我们说我有这种格式的数据(假设制表符分隔)

1   10,11,15
2   12
3   12,11
4   10,11

如何遍历列表并计算第二列中最受欢迎的对象对?假设第二列可以包含无限数量的项目。

理想的输出会返回类似

的内容
pairs count
10,11 (2)
10,15 (1)
11,15 (1)
11,12 (1)

3 个答案:

答案 0 :(得分:5)

这两个都假设您可以将输入输入到列表列表中:

如果你有Python 2.7,请与Counter结合使用itertools

>>> from collections import Counter
>>> from itertools import combinations
>>> l = [[10, 11, 15], [12], [12, 11], [10, 11]]
>>> c = Counter(x for sub in l for x in combinations(sub, 2))
>>> for k, v in c.iteritems():
...   print k, v
...
(10, 15) 1
(11, 15) 1
(10, 11) 2
(12, 11) 1

如果你有Python< 2.6,您可以将defaultdictitertools结合使用(我敢肯定,其中一位专家会提供更清洁的解决方案。)
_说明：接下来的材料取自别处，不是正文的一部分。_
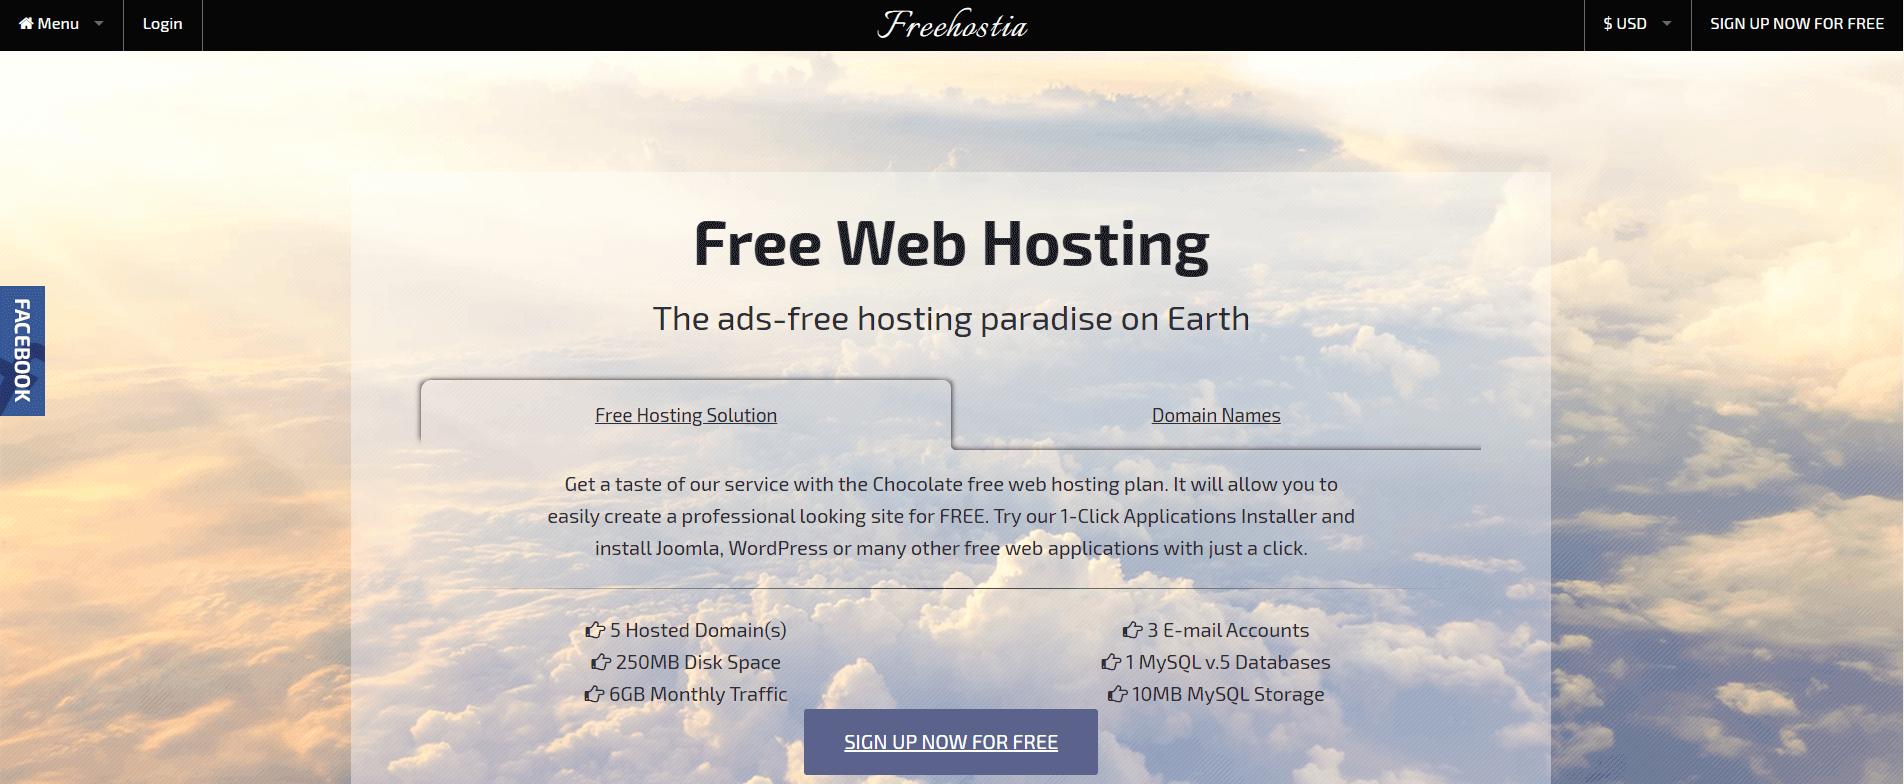 Freehostia的免费虚拟主机
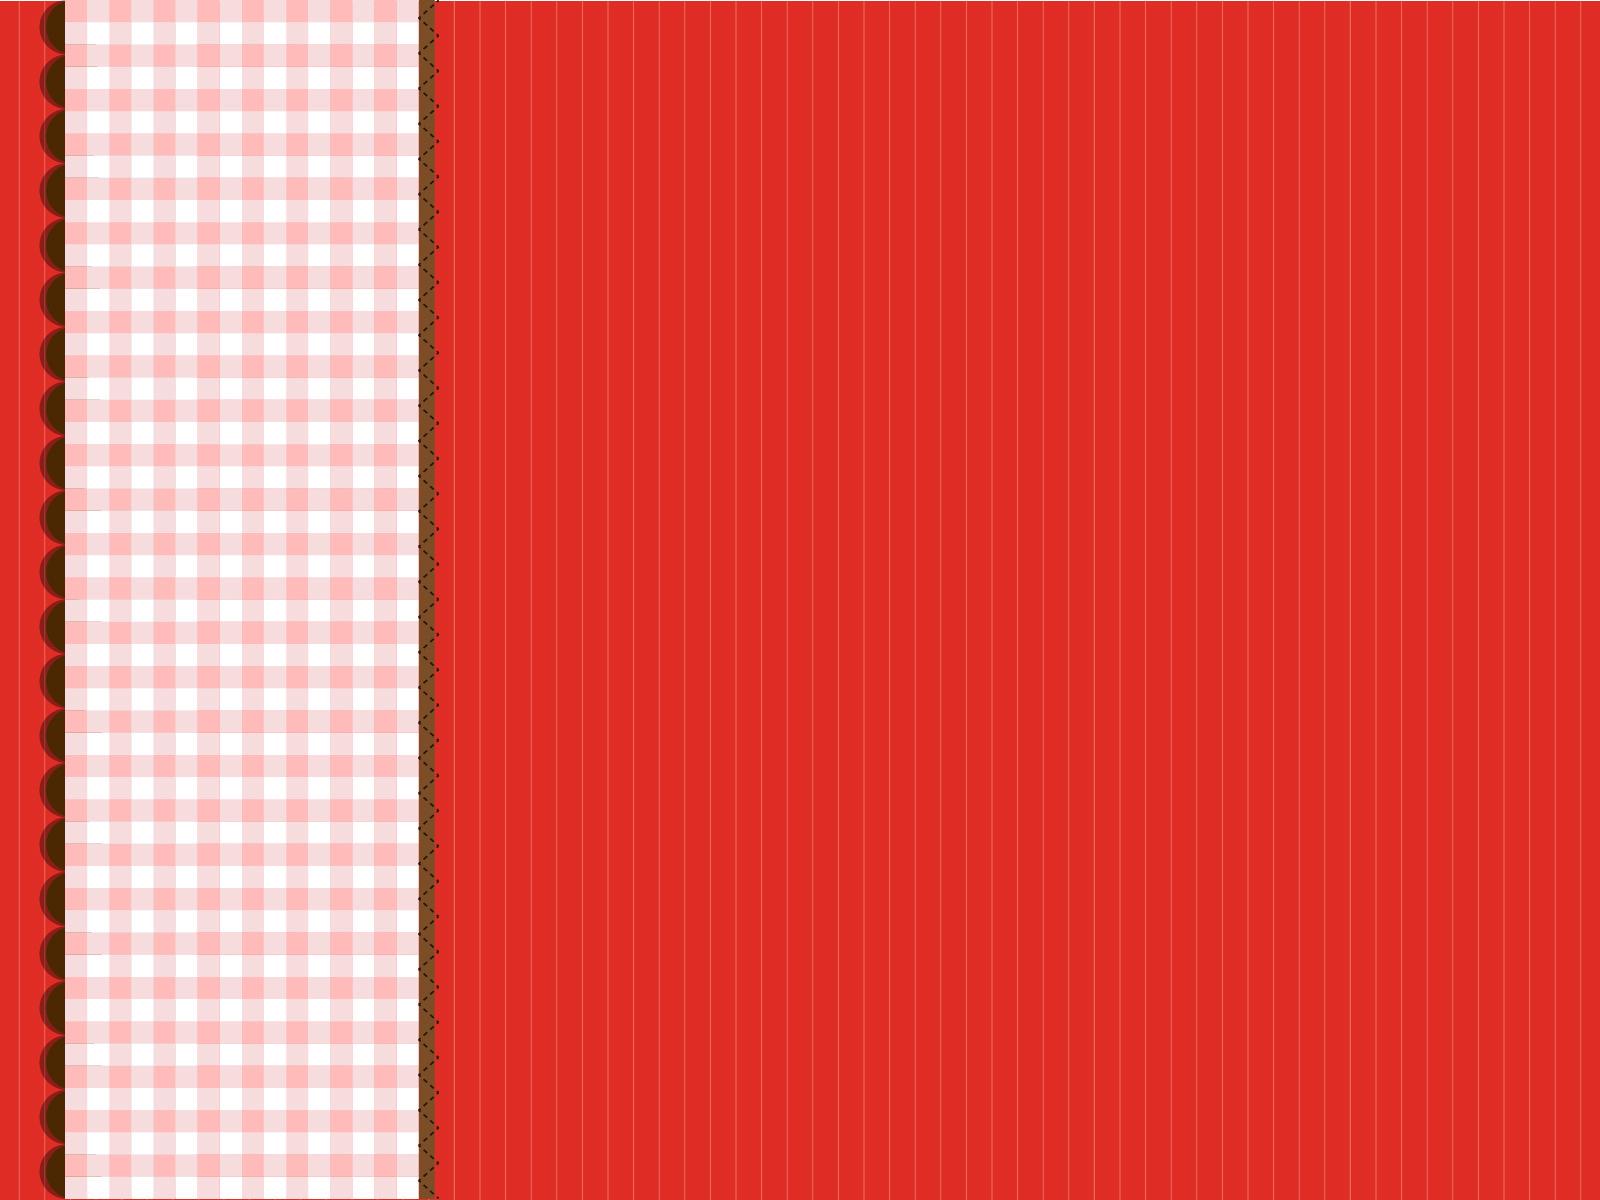 Brick Colour Bacround PPT Backgrounds

In [1]: from collections import defaultdict

In [2]: from itertools import combinations

In [3]: l = [[10, 11, 15], [12], [12, 11], [10, 11]]

In [4]: counts = defaultdict(int)

In [5]: for x in l:
   ...:     for item in combinations(x, 2):
   ...:         counts[item] += 1
   ...:
   ...:

In [6]: for k, v in counts.iteritems():
   ...:     print k, v
   ...:
   ...:
(10, 15) 1
(11, 15) 1
(10, 11) 2
(12, 11) 1

答案 1 :(得分:0)

In [7]: with open("data1.txt") as f:
        lis=[map(int,x.split(",")) for x in f]
   ...:     

In [8]: Counter(chain(*[combinations(x,2) for x in lis]))
Out[8]: Counter({(10, 11): 2, (10, 15): 1, (11, 15): 1, (12, 11): 1})

答案 2 :(得分:0)

您可以使用combinationsCounter

from itertools import combinations
import collections

newinput = []

# Removes the tabs
for line in oldinput:
    newinput.append(line.partition("\t")[2])

# set up the counter
c = collections.Counter()

for line in newinput:
    # Split by comma
    a = line.split(',')
    # make into integers from string
    a = map(int, a)
    # add to counter
    c.update(combinations(a, 2))

然后,您最终获得了Counter,其中包含您的所有计数: `(10,15):1)等。